Exercise objective
Copying rule for the data below: pictures stay out, and only the lines from the one with "Электроды АНО 21 Ф 5 (пачки 5 кг)" down to the one with "(Color : B)", inclusive, are repeated exactly.

Extracted entries
##########

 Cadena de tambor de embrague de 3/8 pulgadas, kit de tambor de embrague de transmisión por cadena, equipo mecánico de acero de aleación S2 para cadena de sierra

##########

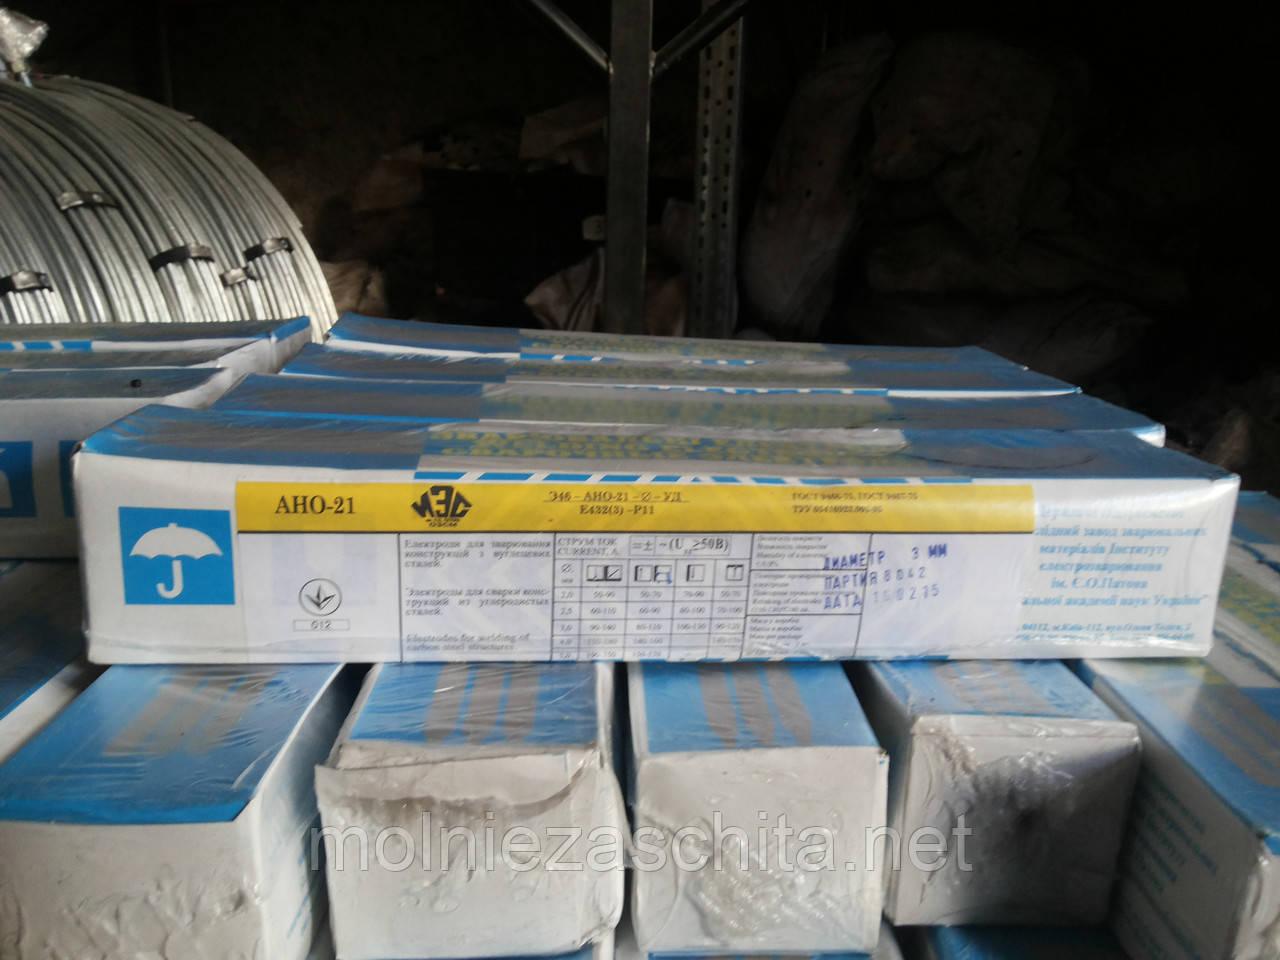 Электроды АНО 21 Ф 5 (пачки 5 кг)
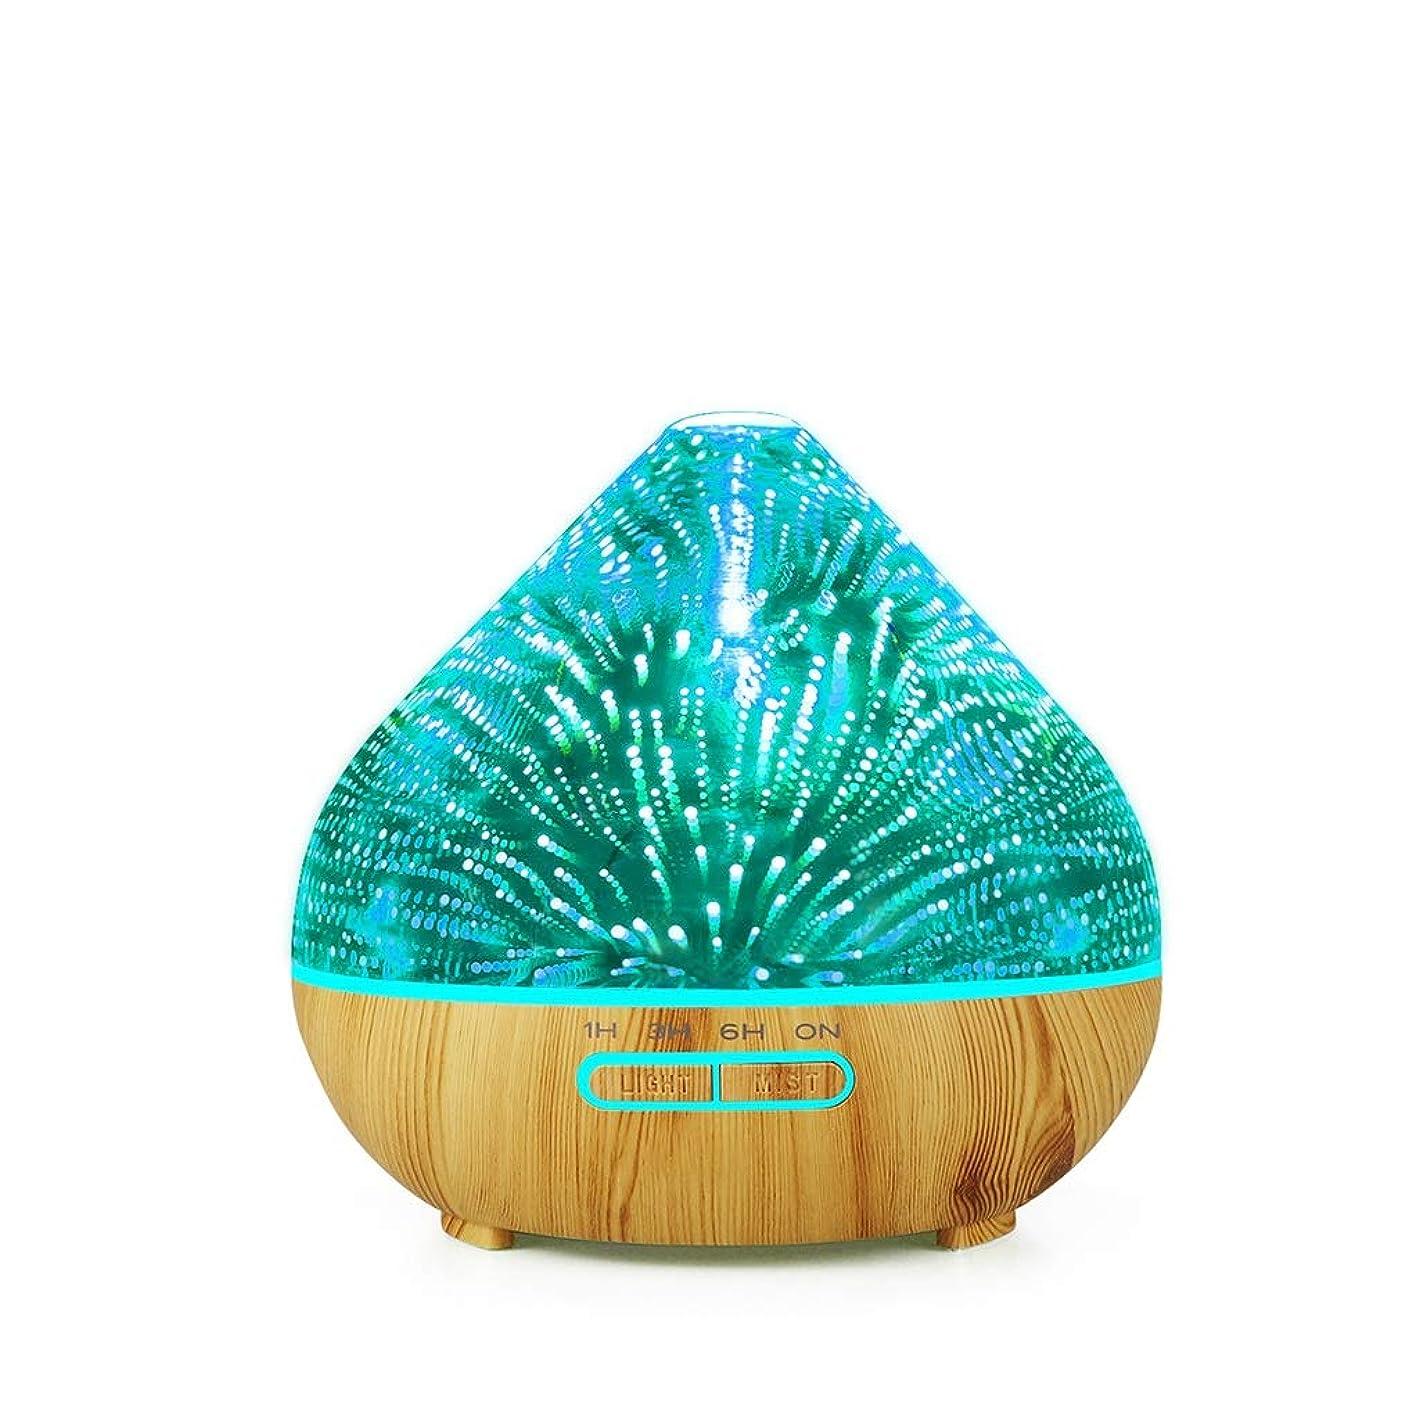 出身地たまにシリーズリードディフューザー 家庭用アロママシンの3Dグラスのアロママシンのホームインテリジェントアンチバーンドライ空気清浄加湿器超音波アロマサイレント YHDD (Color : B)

##########

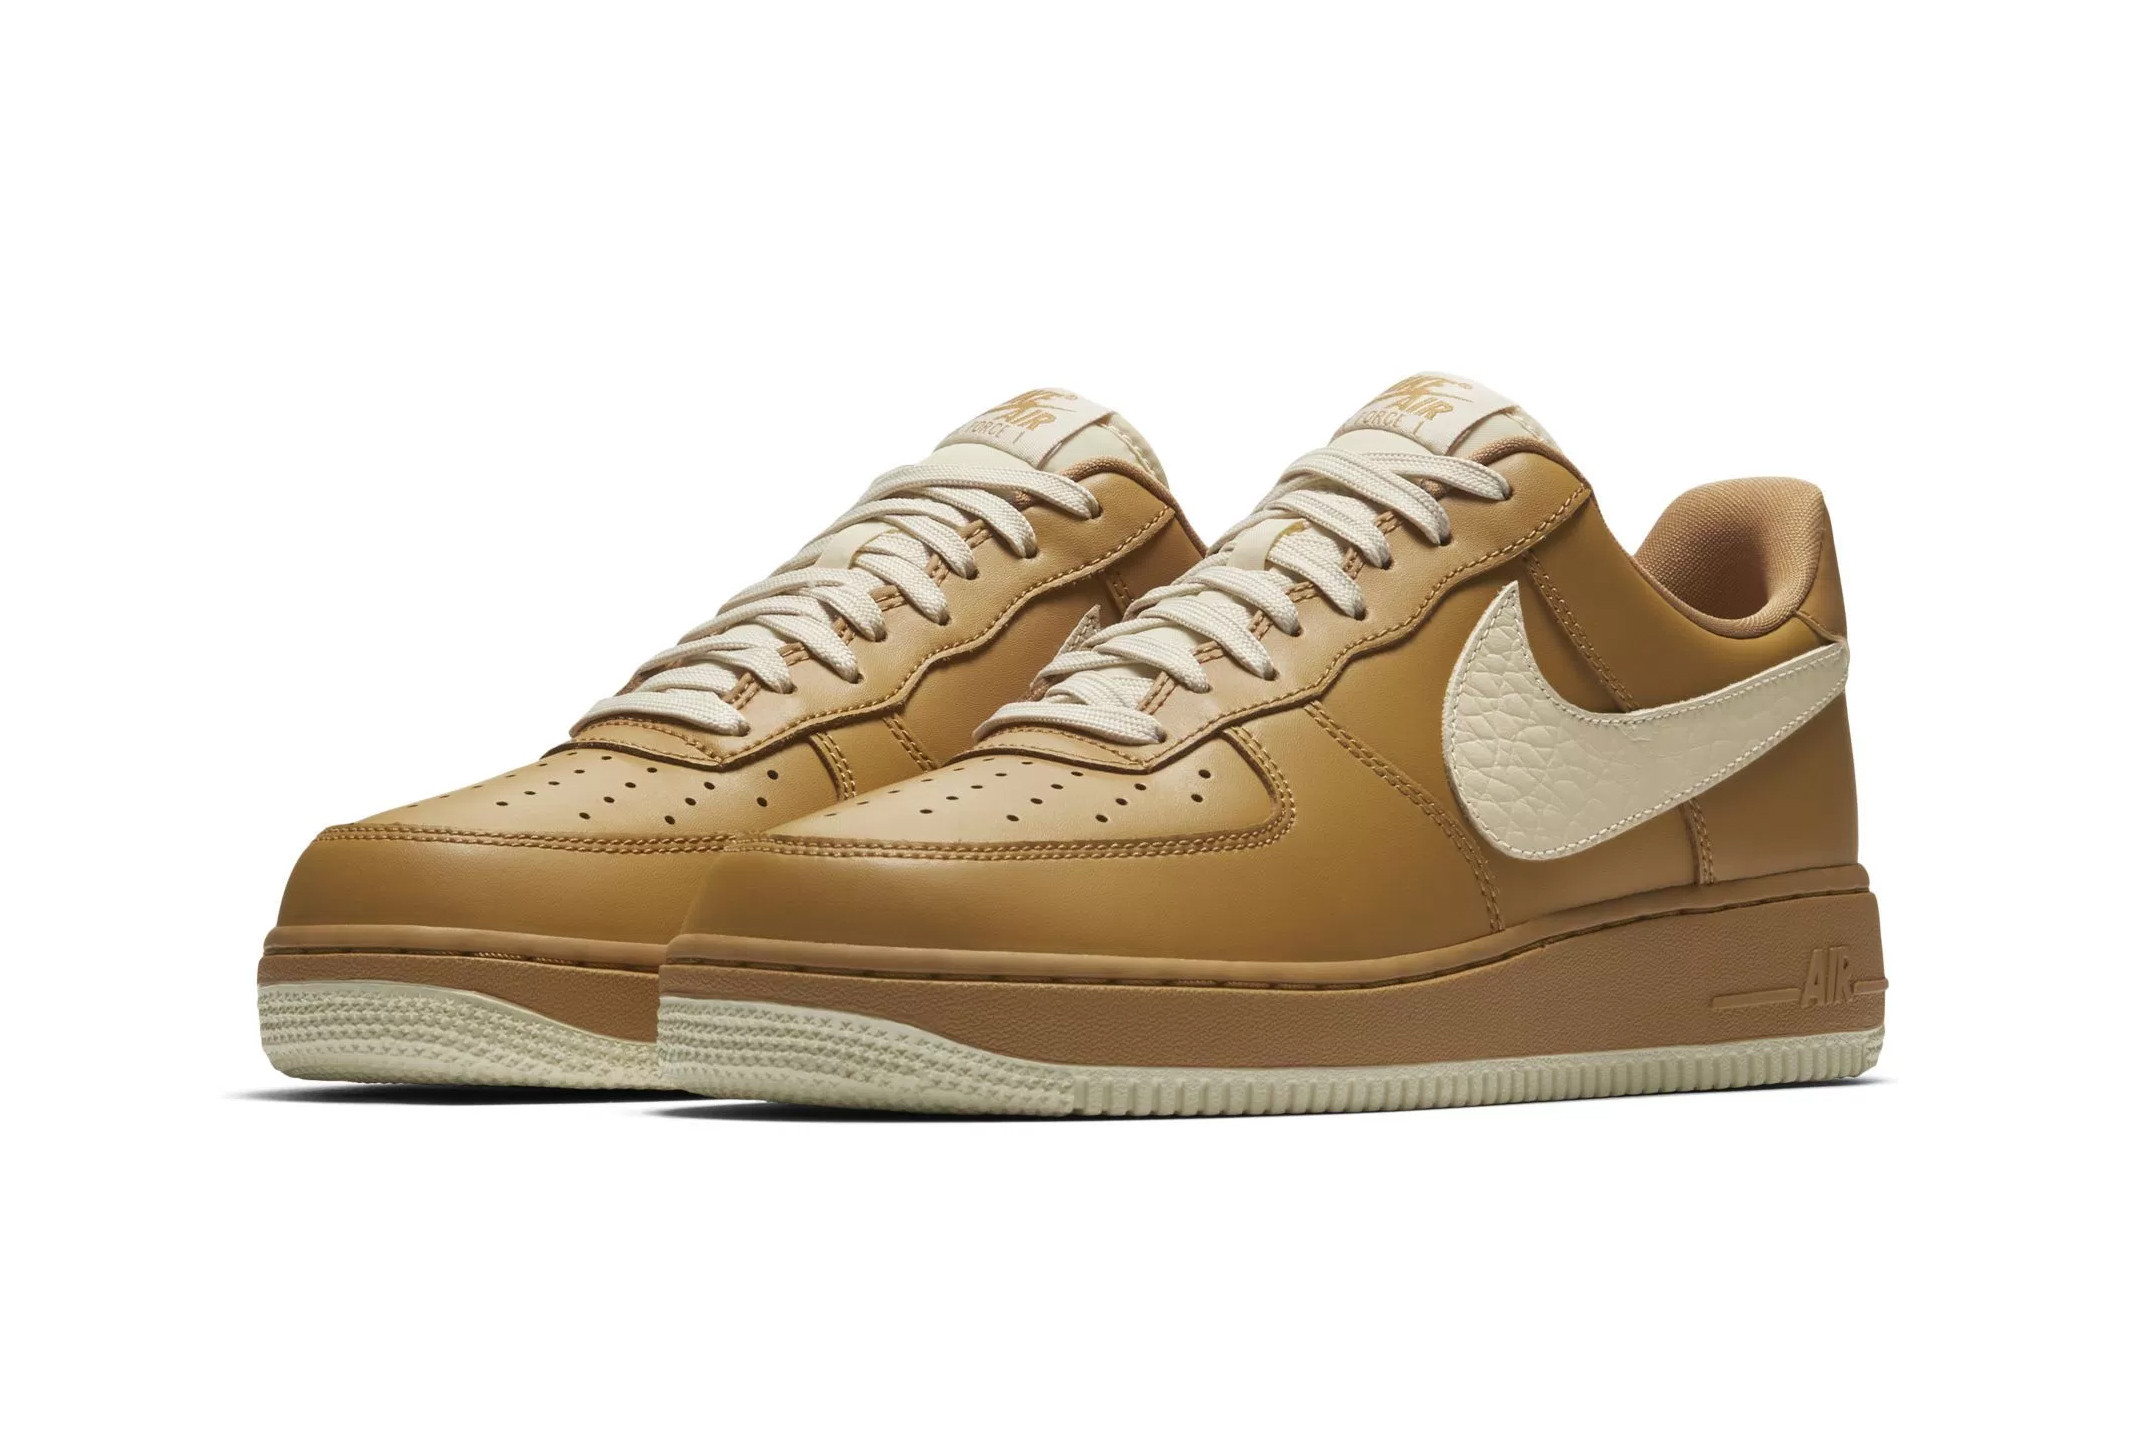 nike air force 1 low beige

##########

Answer space
 Электроды АНО 21 Ф 5 (пачки 5 кг)
 出身地たまにシリーズリードディフューザー 家庭用アロママシンの3Dグラスのアロママシンのホームインテリジェントアンチバーンドライ空気清浄加湿器超音波アロマサイレント YHDD (Color : B)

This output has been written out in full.